START Data excerpt

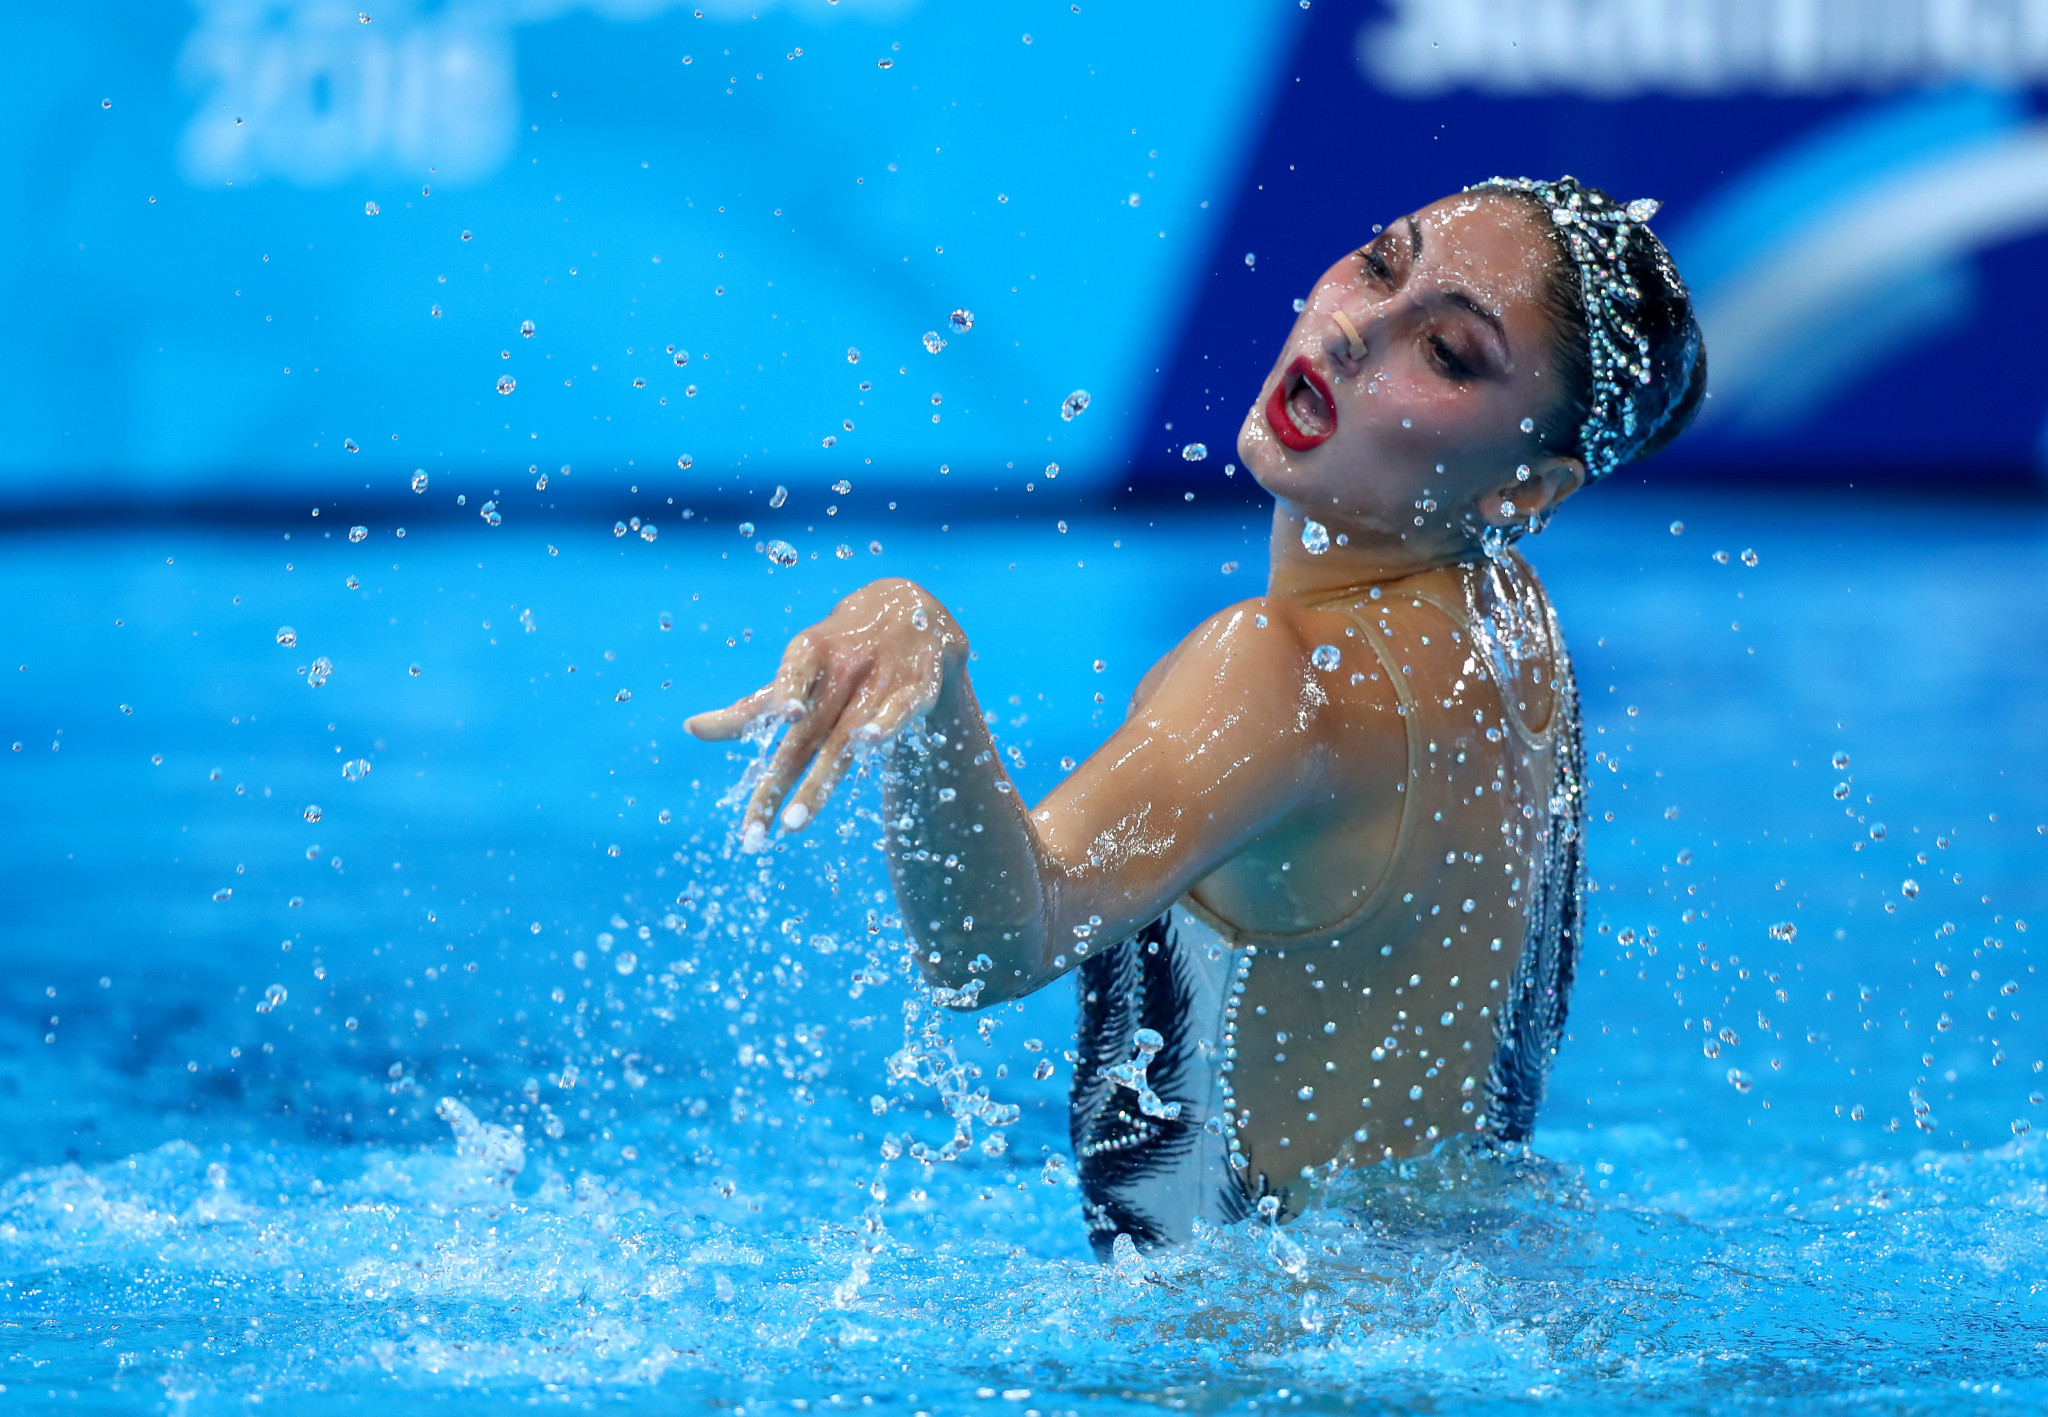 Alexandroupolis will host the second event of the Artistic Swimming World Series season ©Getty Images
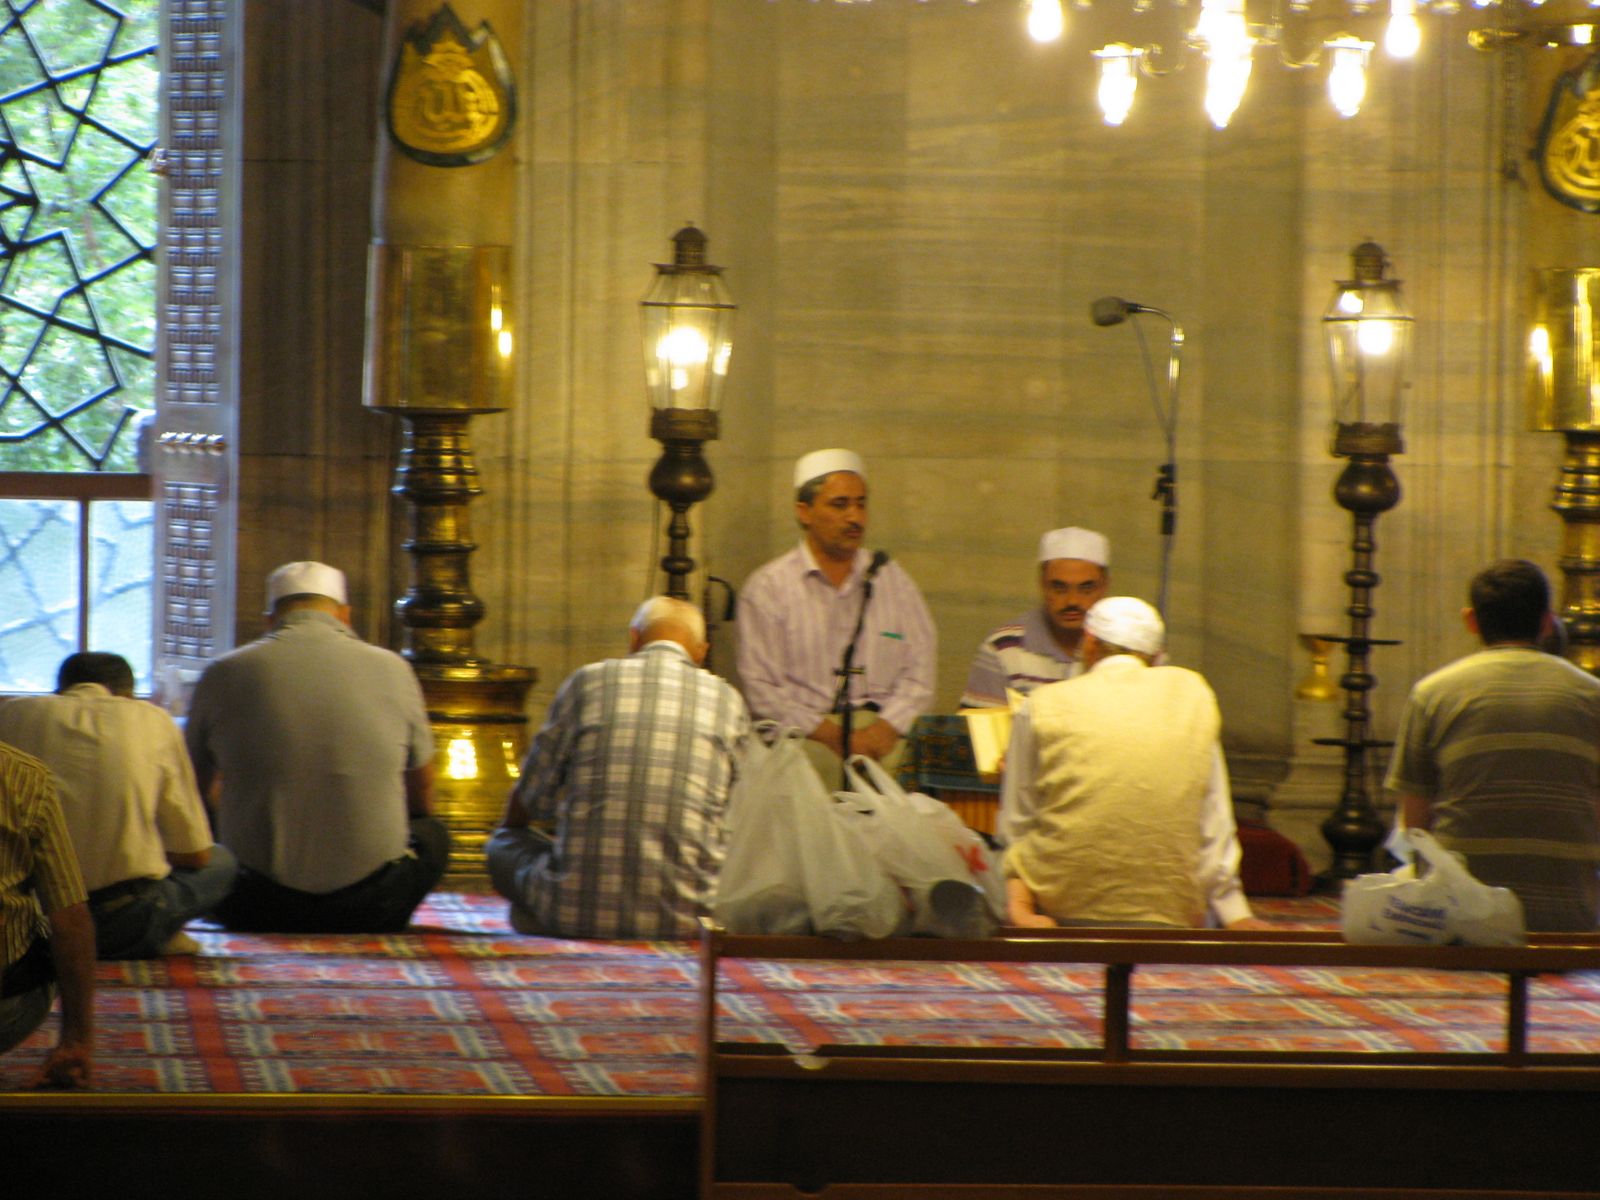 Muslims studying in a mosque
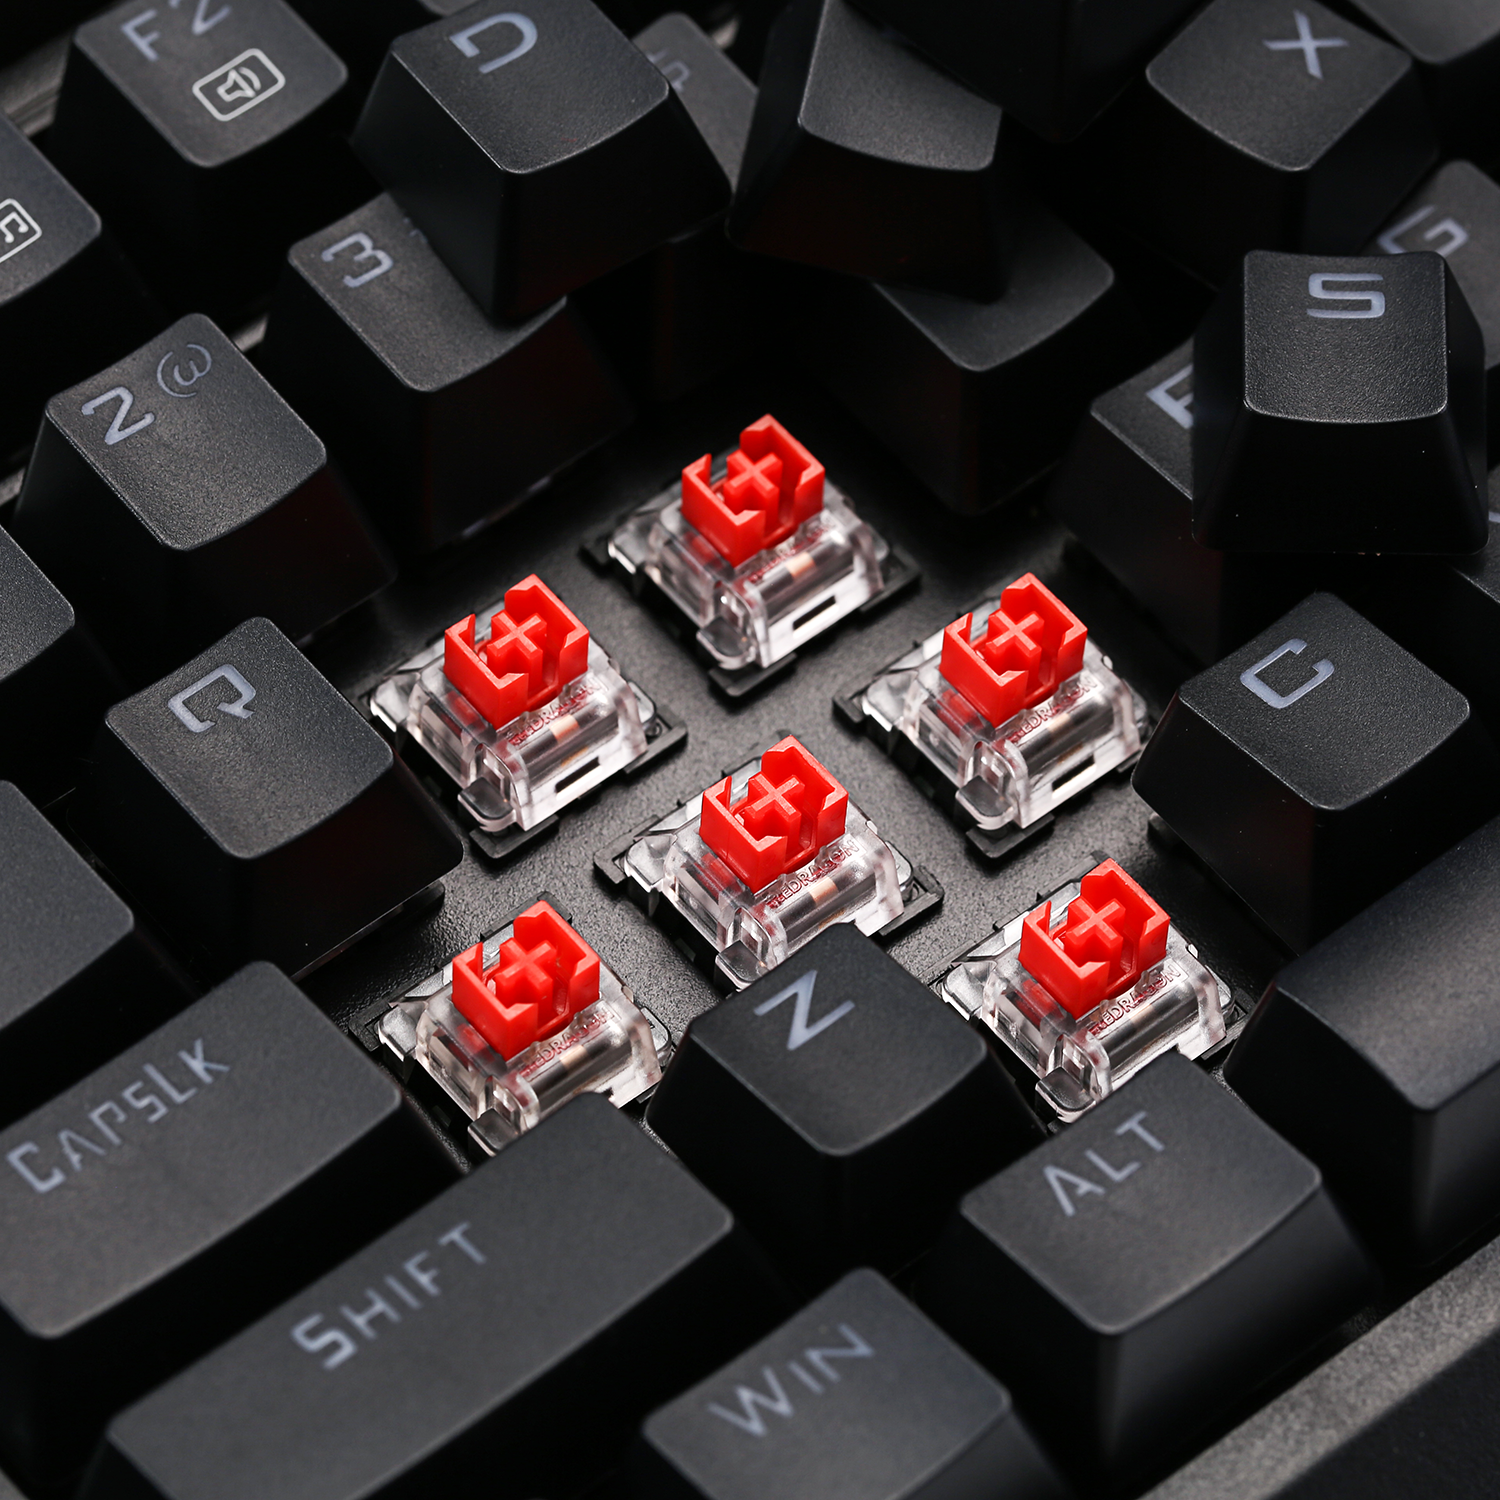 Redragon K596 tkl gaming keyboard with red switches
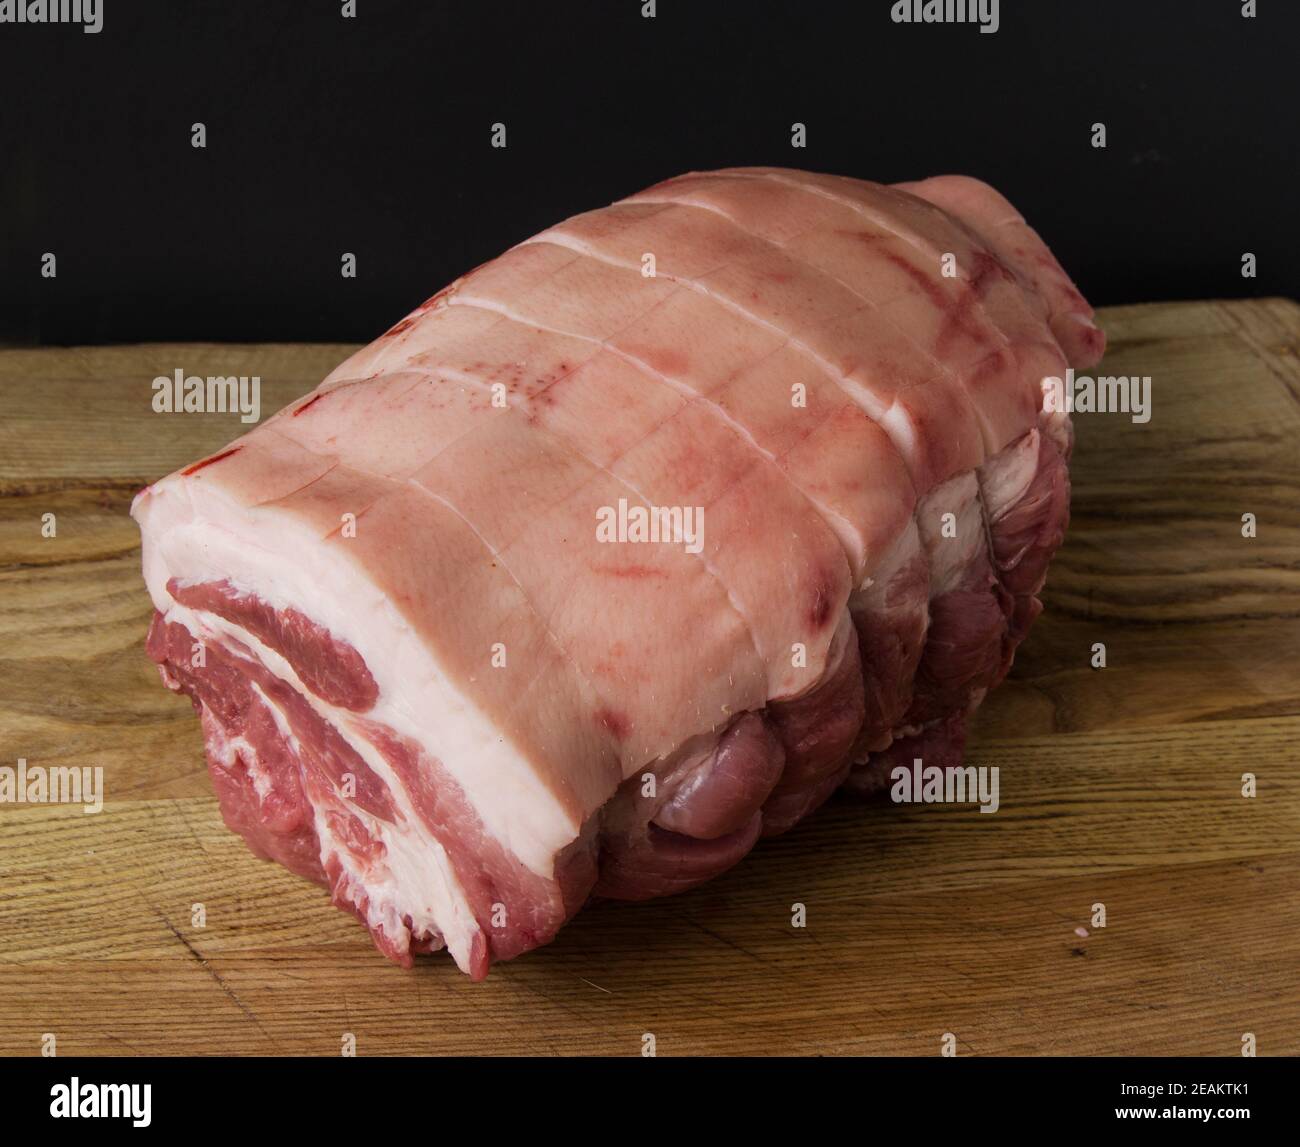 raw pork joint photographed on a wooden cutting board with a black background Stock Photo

END Data excerpt

Every line of the data above is to be repeated exactly; the images are to be left out.

 Alexandroupolis will host the second event of the Artistic Swimming World Series season ©Getty Images
 Muslims studying in a mosque
 Redragon K596 tkl gaming keyboard with red switches
 raw pork joint photographed on a wooden cutting board with a black background Stock Photo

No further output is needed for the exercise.